(Beginning of Raw data)

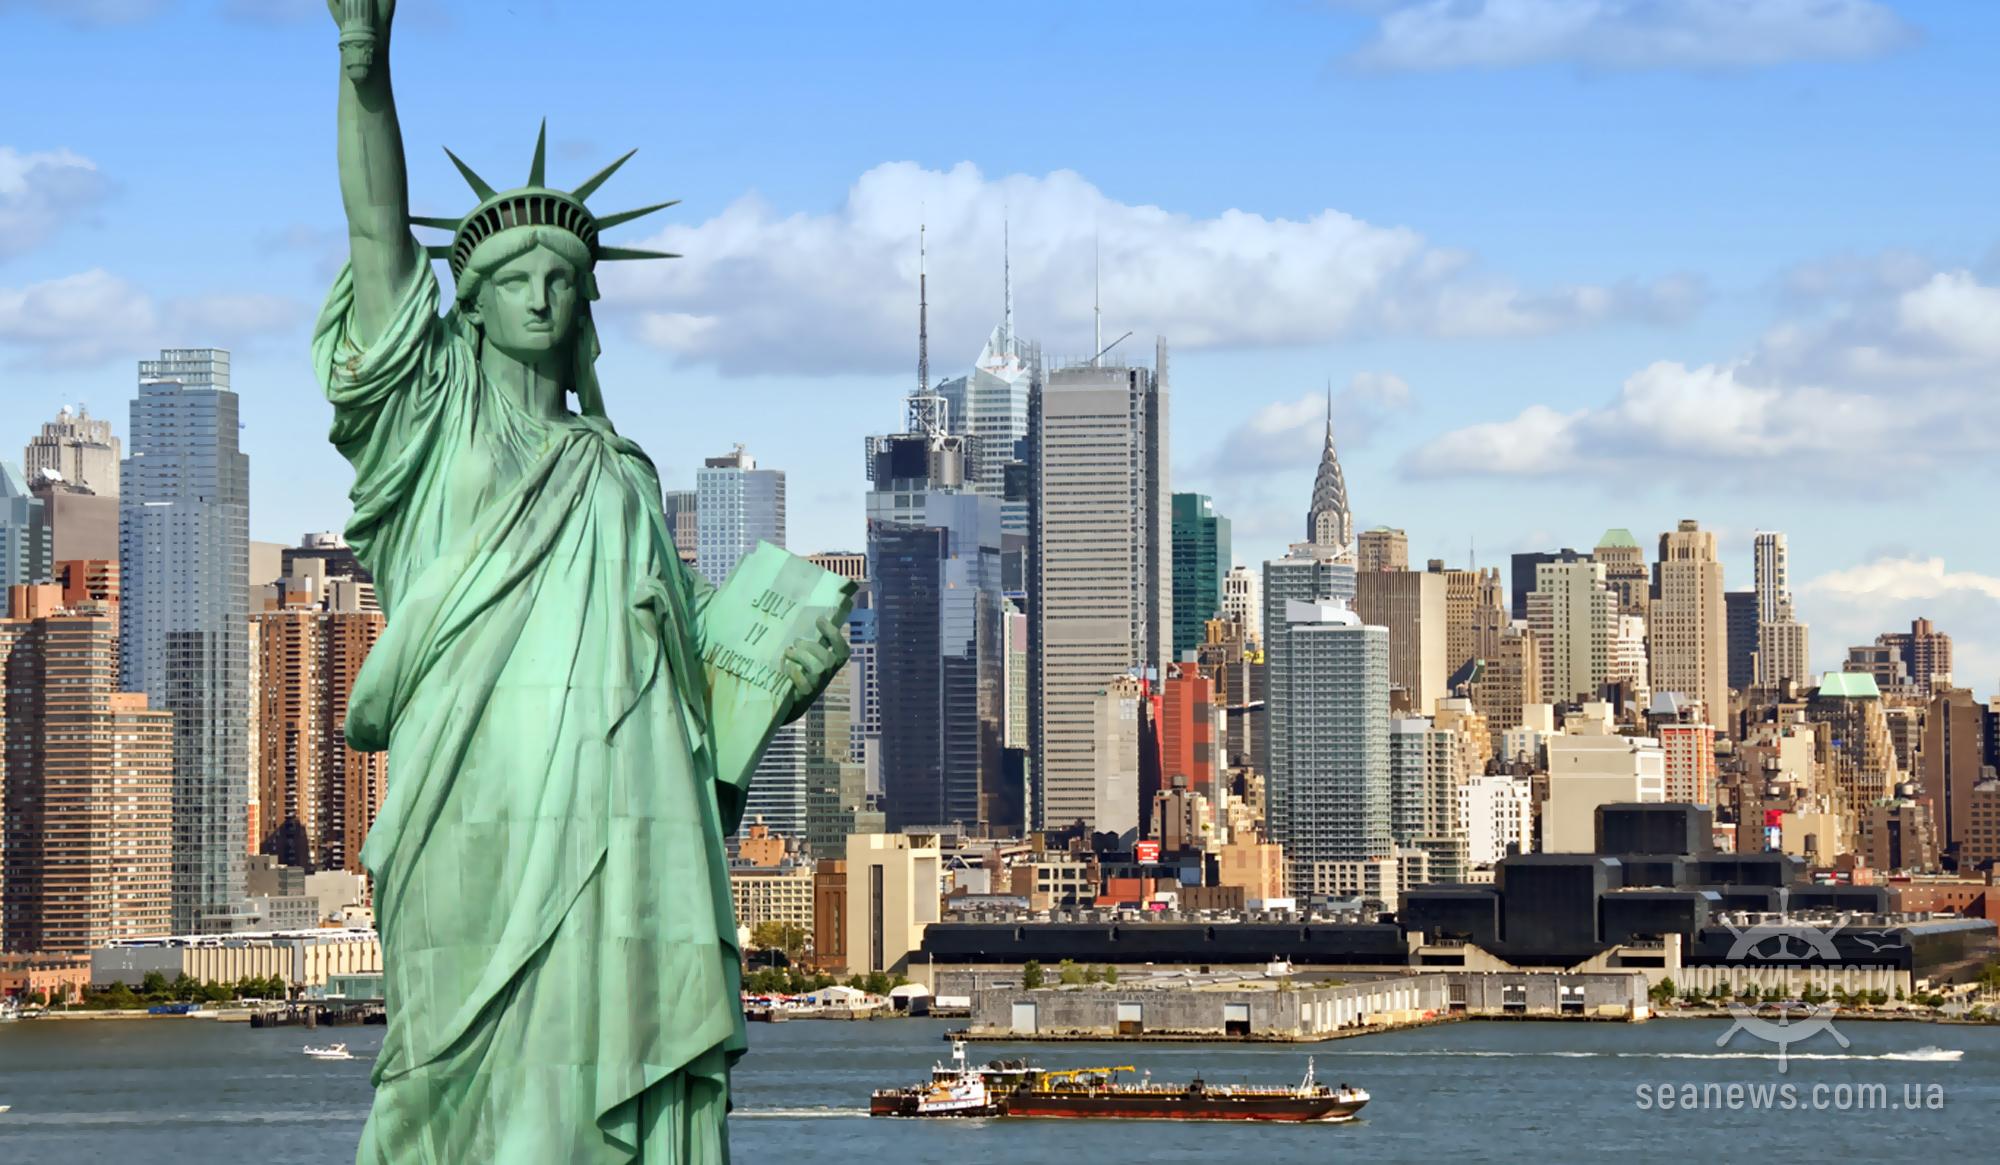 Крупнейший порт Нью-Йорка поставил рекорд по количеству грузов
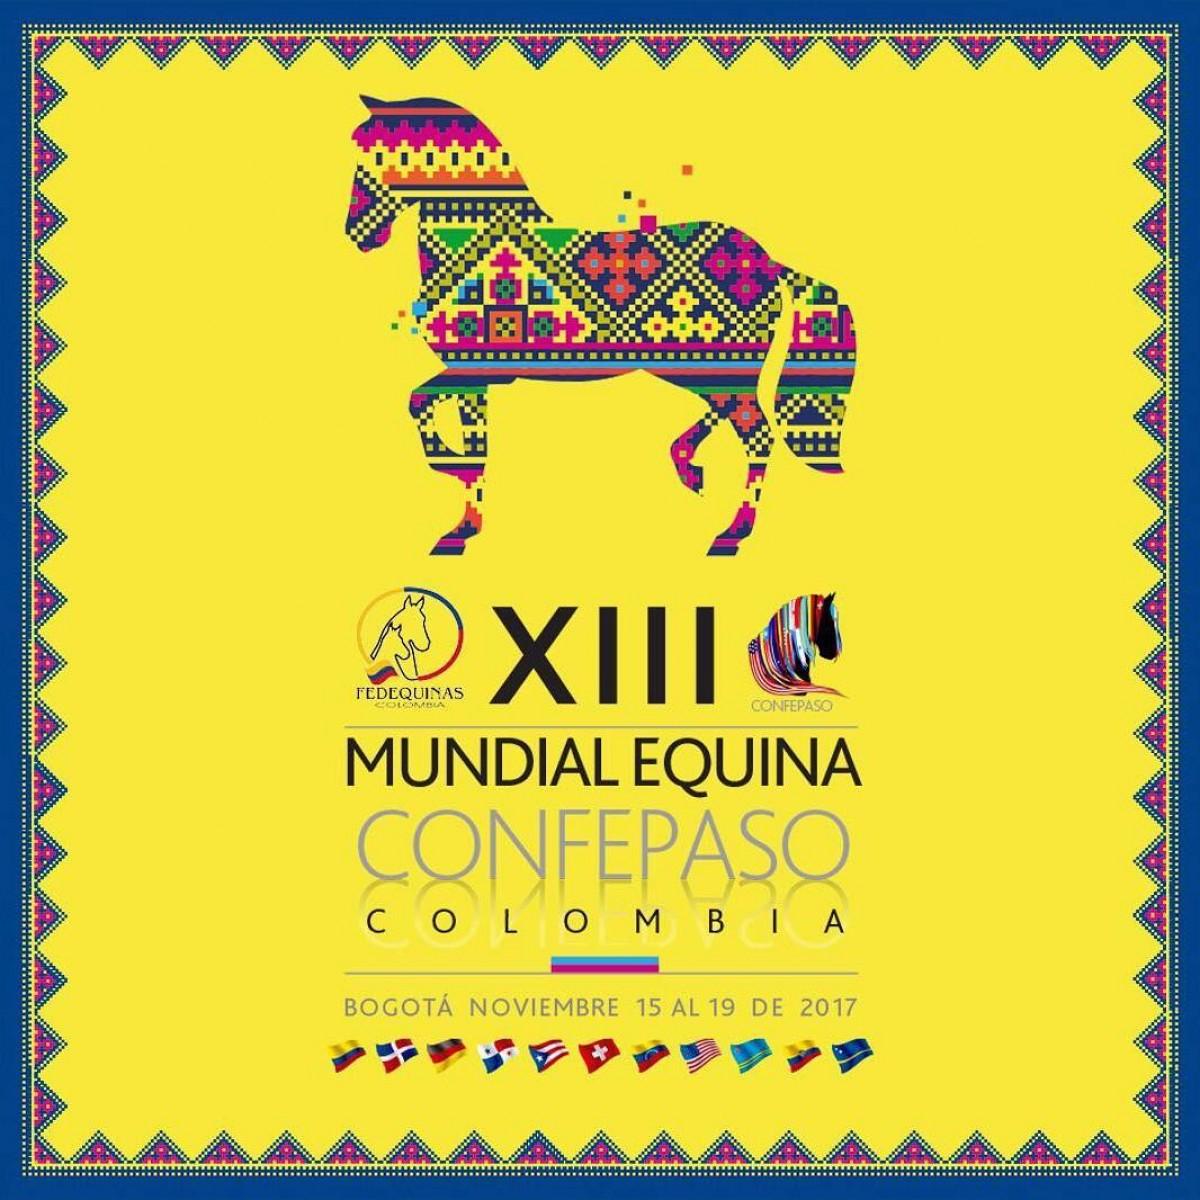 VÍDEO: Confepaso Y Fedequinas Invitan A La XIII Mundial !!!
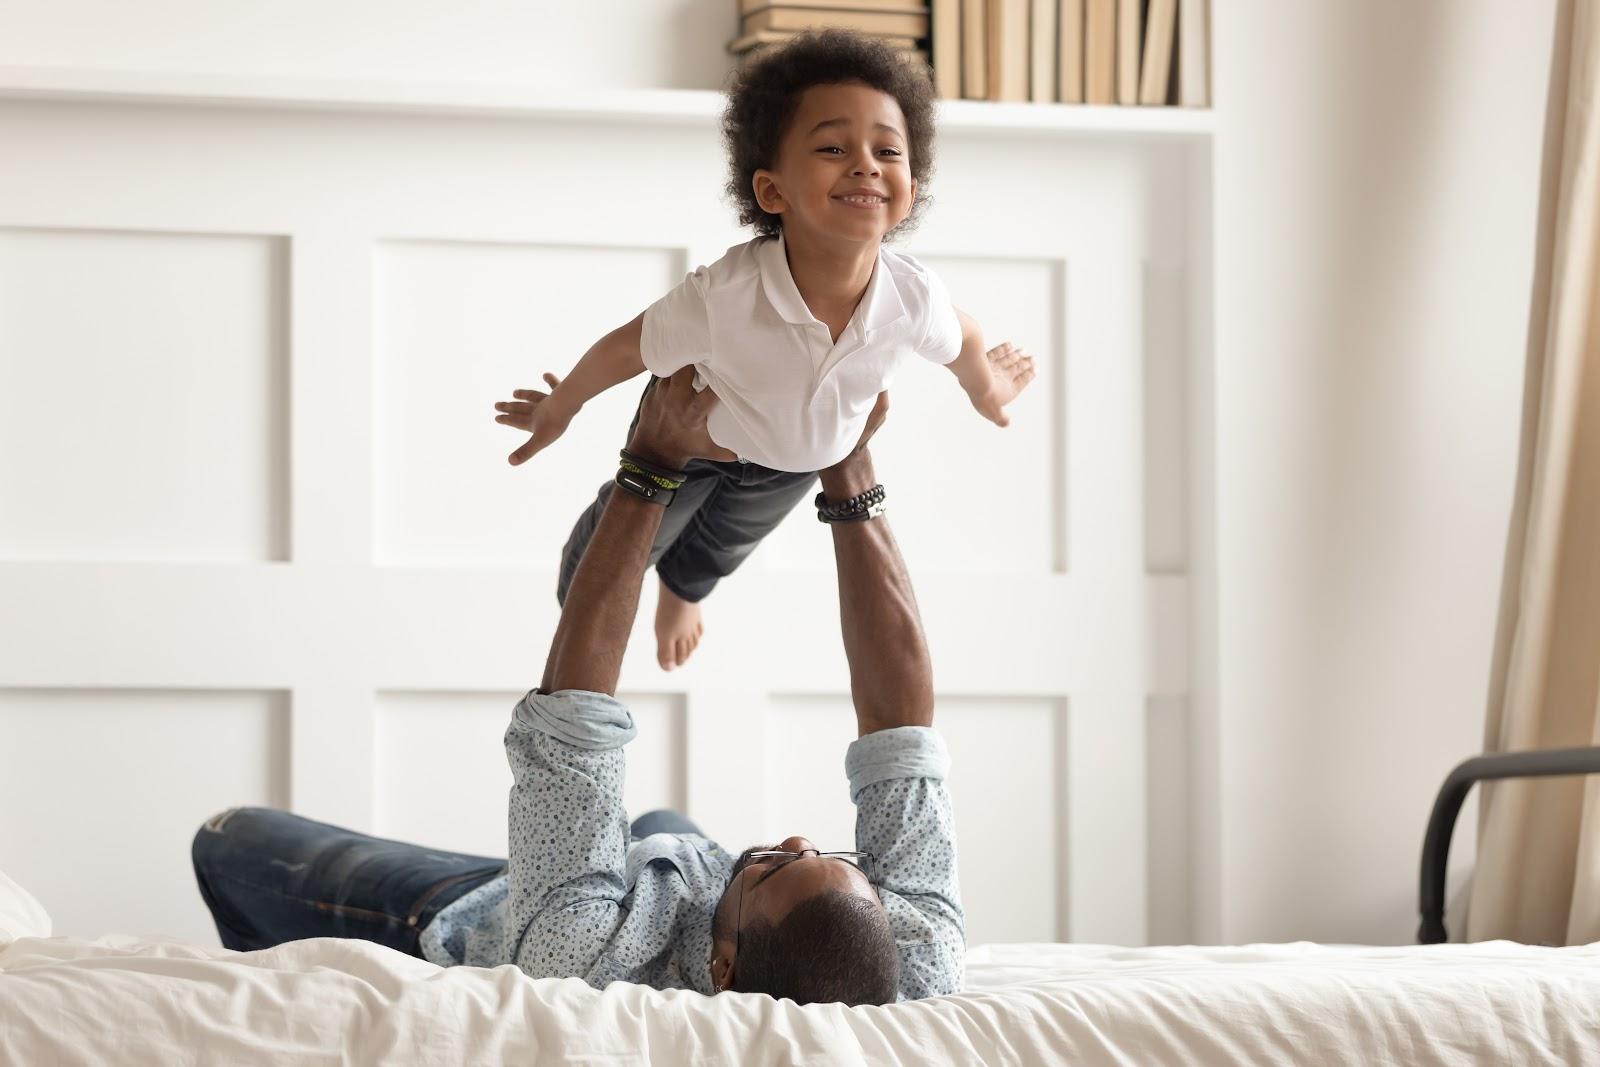 Pai fazendo exercício levantando filha

(End of Raw data)

About this exercise.
Leave out the pictures and copy the rest of the material above exactly.

Response.
 Крупнейший порт Нью-Йорка поставил рекорд по количеству грузов
 VÍDEO: Confepaso Y Fedequinas Invitan A La XIII Mundial !!!
 Pai fazendo exercício levantando filha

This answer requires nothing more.